DMARC is a work in progress, but an interesting one. The aggregate reports are worth getting, and I’d encourage anyone who cares whether their mail is delivered to publish a _dmarc record to collect daily reports. Most senders should publish a p=none policy (don’t do anything special when the mail arrives, just send reports).
A few parts of DMARC still need to be cleaned up. One of those is the issue of subdomains and wildcards, as I mentioned above, to clarify what policy records apply to what subdomains.
Currently, a sender can put any email address or URL into the ruf= or rua= clauses, which offers a way to remotely mail bomb someone. My DNS server currently handles DNS for about 50 domains, so I’ve published 50 _dmarc records and get 50 daily reports from Google every morning. That’s fine, since I want the reports and they go to a special mailbox I set up, but if I accidentally or deliberately misdirected the reports, and added ri=3600 to the _dmarc records so that the reports went out hourly, that could send over a thousand messages a day to an unwilling recipient.

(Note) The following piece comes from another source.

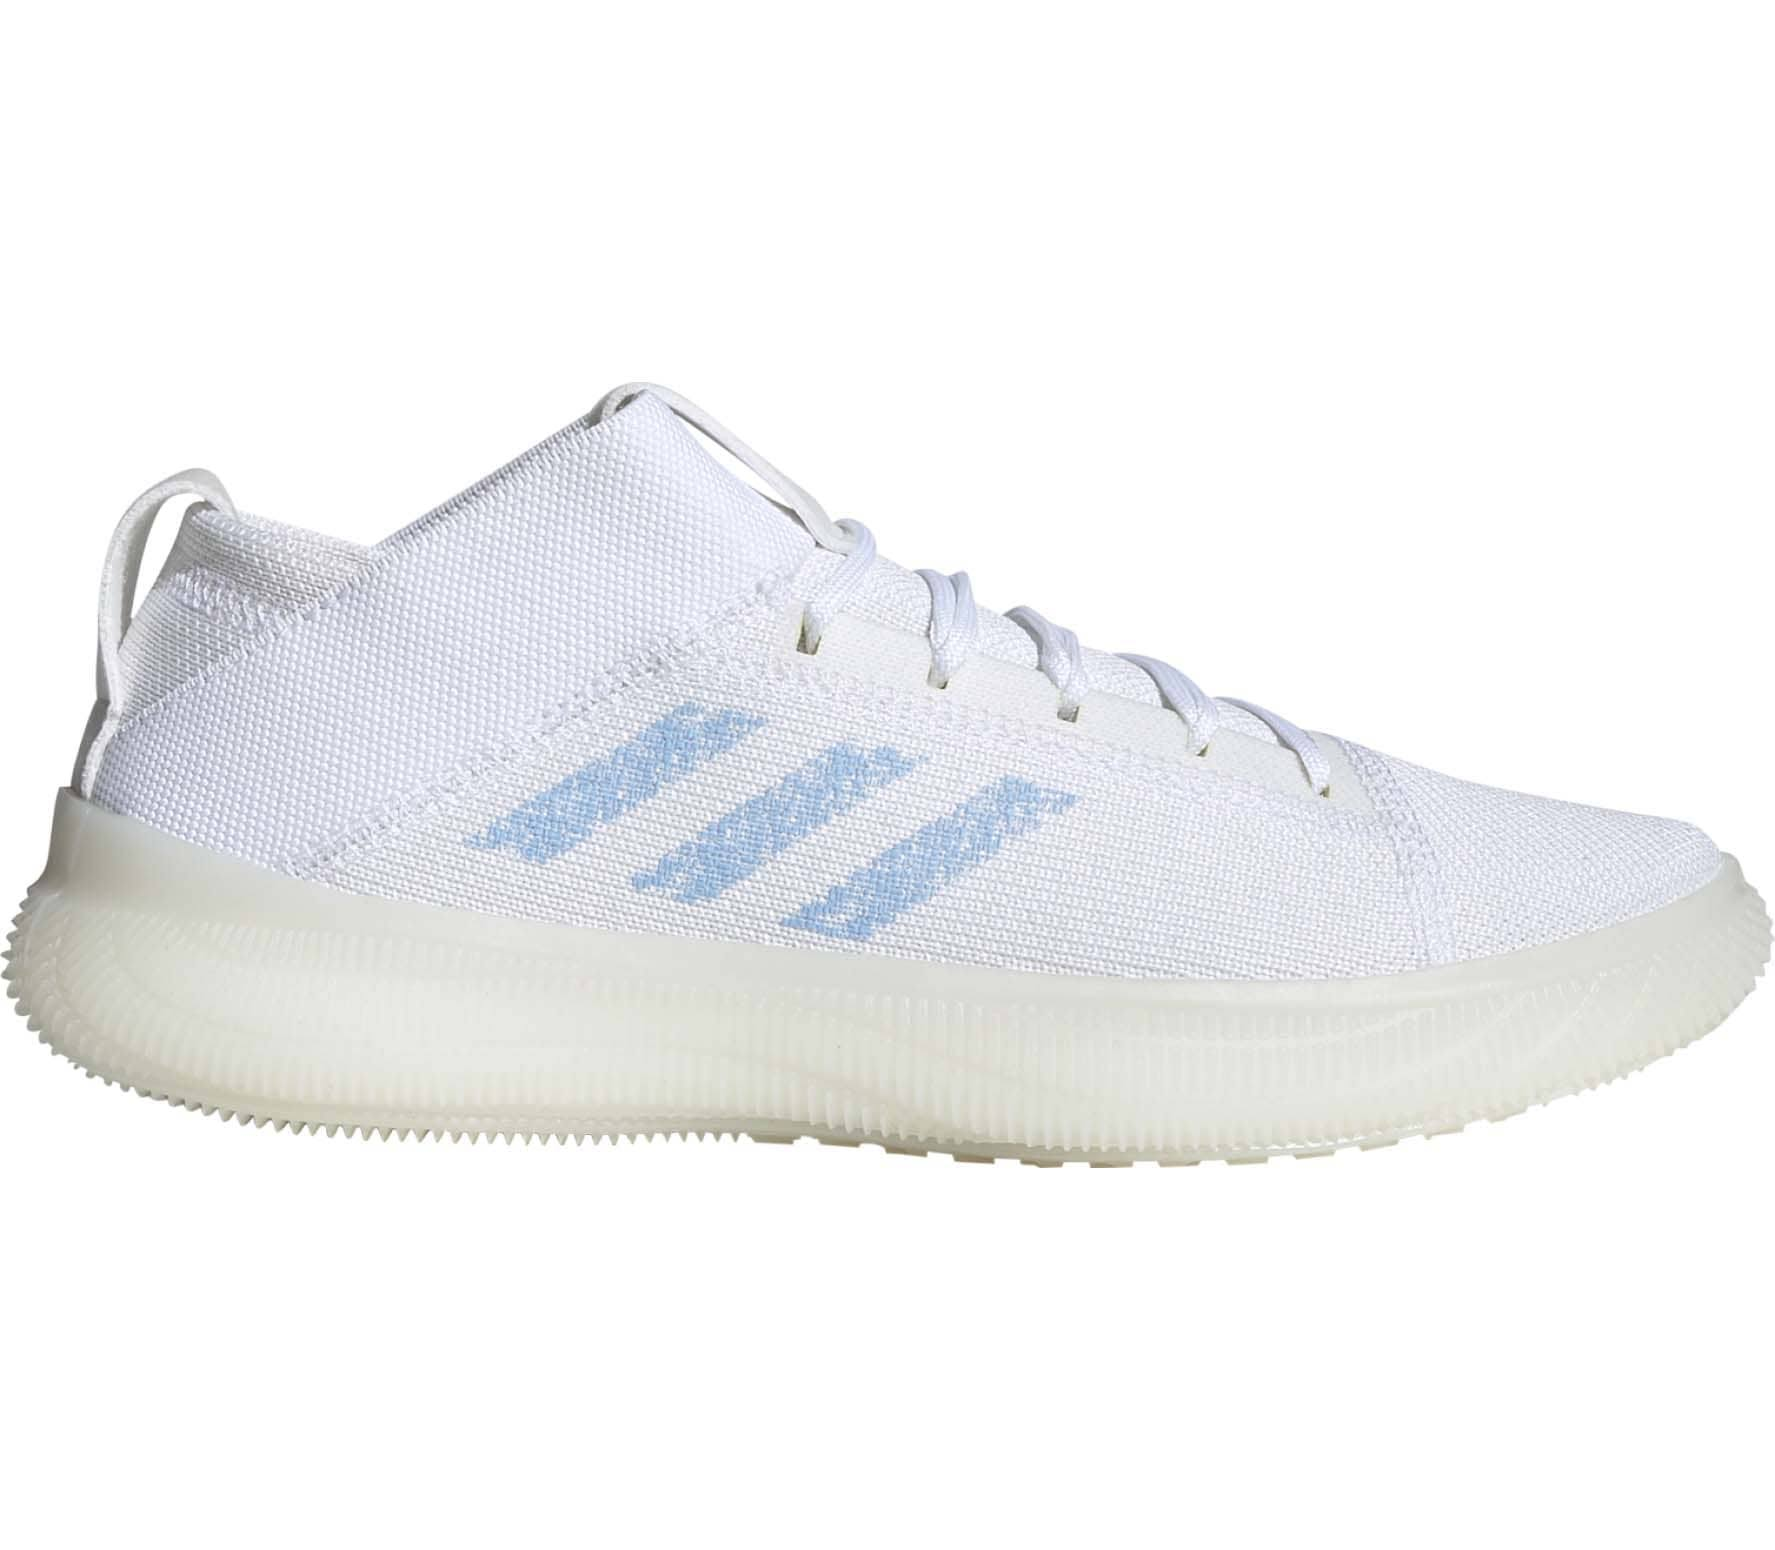 Adidas Pureboost Trainer Shoes Training - White - Women
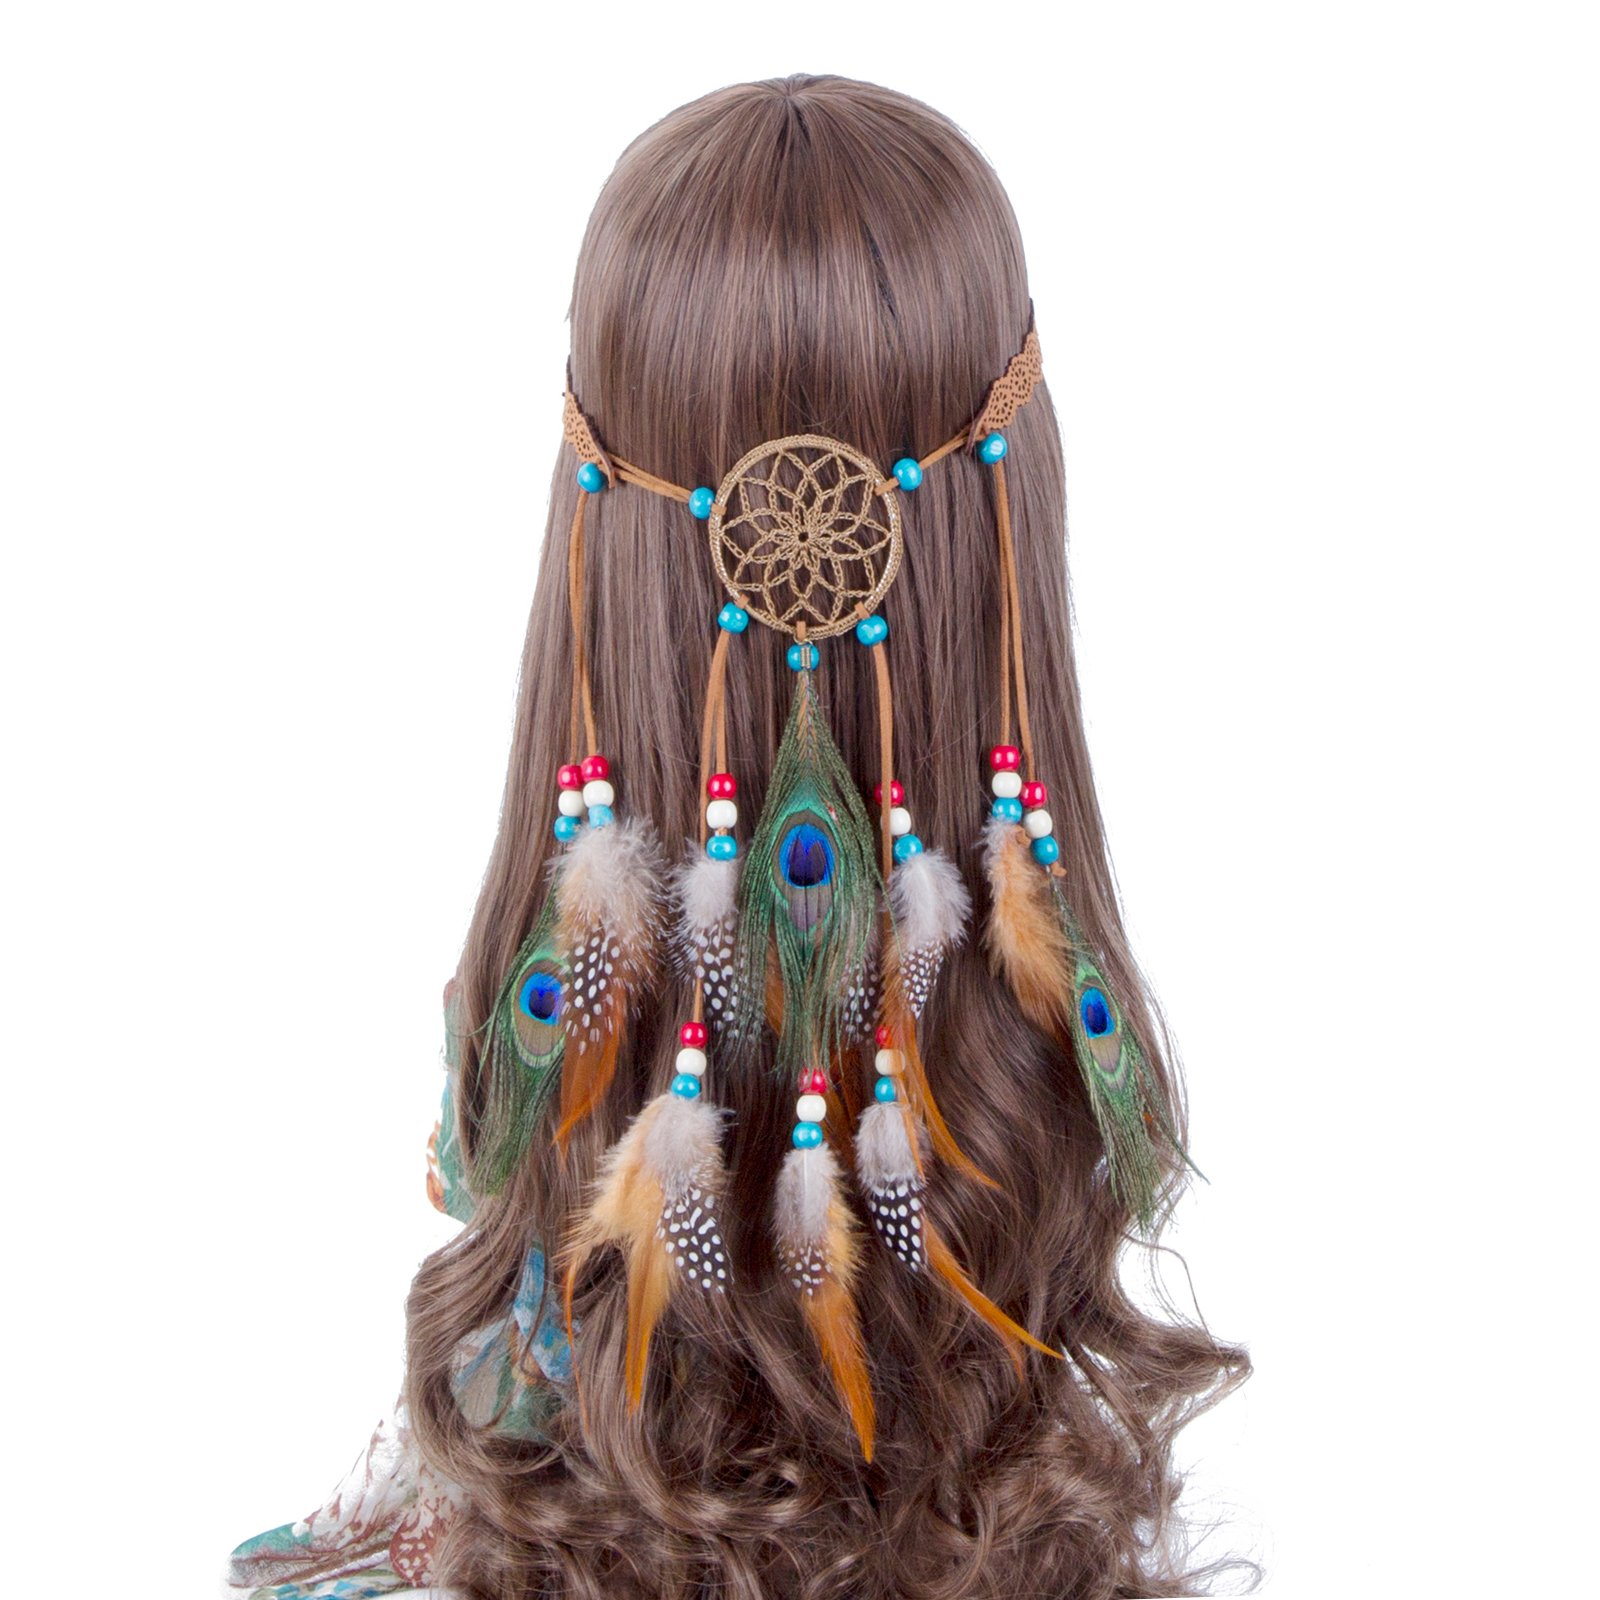 229caee277b9 ... Bags. 15.00. null. Get Quotations · Hippie Headband Feather  Dreamcatcher Headdress - AWAYTR New Fashion Boho Headwear Native American  Headpiece Hippie ...

This is straightforward to fix, either by requiring that reports be sent back to the same domain as they’re about, or by providing a way for the targets of the reports to publish their own DNS records to say that they want them. Since the reason they allow arbitrary addresses is probably to make it easy to send reports to third-party analysis services, the latter fix is more likely.
DMARC is designed to be extensible, so it’s possible that other authentication schemes will be added, perhaps S/MIME, as well as finer-grained reporting. A huge gap, which the DMARC group acknowledges, is that it deals only with exact From: domain matches. If a message comes from [email protected], there’s no way to tie that to a policy published by bankofamerica.com. Also, many mail programs display the From: line comment rather than the address, allowing spoofs like
From: PayPal Security <[email protected]>
These are vastly harder problems to address, so it makes sense that DMARC is starting with the low hanging fruit. It may well turn out that those problems are insoluble, and the only way to separate the real from the fake is to keep manual whitelists of known legitimate domains, put a gold star next to authenticated mail from them, and try to teach users that if it doesn’t have a star, it’s not your bank. But in order for that to happen, mail has to be authenticated in the first place, and DMARC is a small step towards making authentication work.